The crude ethanol extracts (stem and fruits), their fractions and two triterpenes, $\beta$-Amyrin and 12-Oleanene 3$\beta$, 21$\beta$-diol, isolated as a mixture from the chloroform soluble fraction of an ethanolic extract of Duranta repens stem, were evaluated for antibacterial, antifungal activities by the disc diffusion method and cytotoxicity by brine shrimp lethality bioassay. The structures of the two compounds were confirmed by IR, $^1H$-NMR, $^{13}C$-NMR and LC-MS spectral data. The chloroform soluble fraction of stem and ethanol extract of fruits possess potent antishigellosis activity and also exhibited moderate activity against some pathogenic bacteria and fungi but the isolated compound 1 (mixture of $\beta$-Amyrin and 12-Oleanene 3$\beta$, 21$\beta$-diol) showed mild to moderate inhibitory activity to microbial growth.
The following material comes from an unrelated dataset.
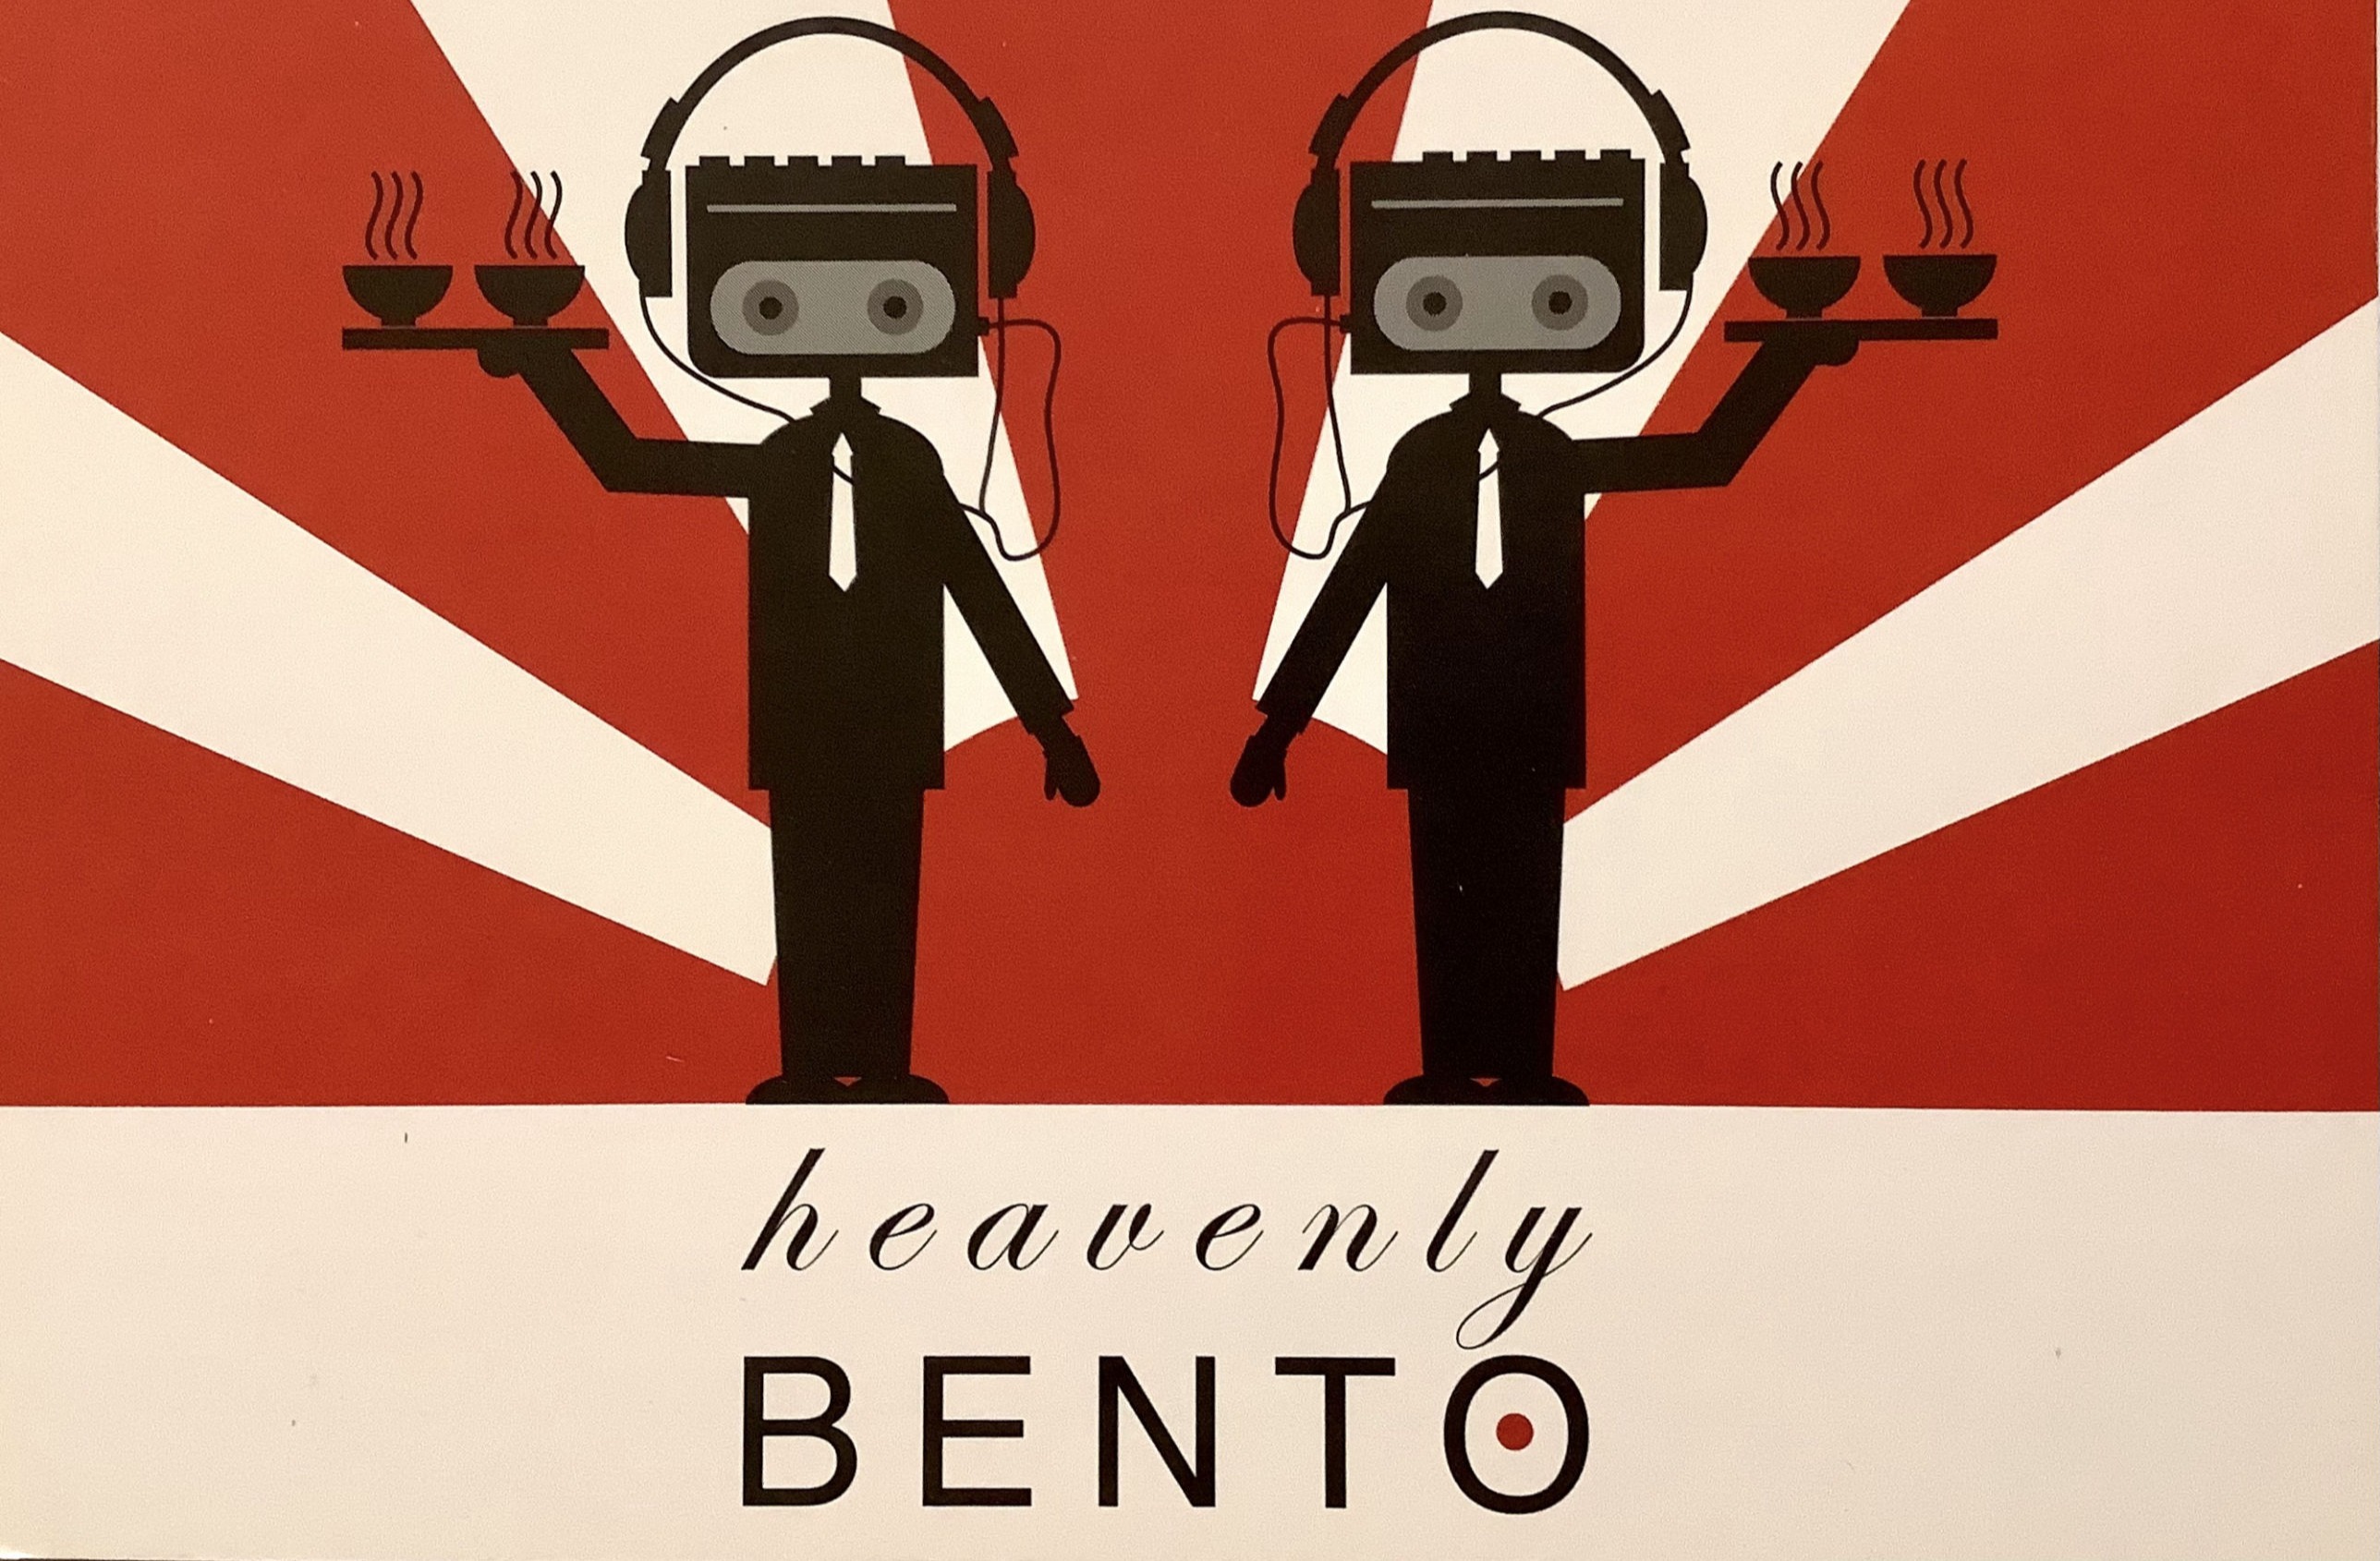 Heavenly BENTO, 2004

The minimum inhibitory concentrations (MICs) of the extracts (stem and fruits), their fractions and compound 1 were found to be in the range of 32$\sim$128 ${\mu}g/ml$. The chloroform soluble fractions of stem and ethanol extract of fruit showed significant cytotoxicity with $LC_{50}$ value of 0.94 ${\mu}g/ml$ and 0.49 ${\mu}g/ml$, respectively against brine shrimp larvae.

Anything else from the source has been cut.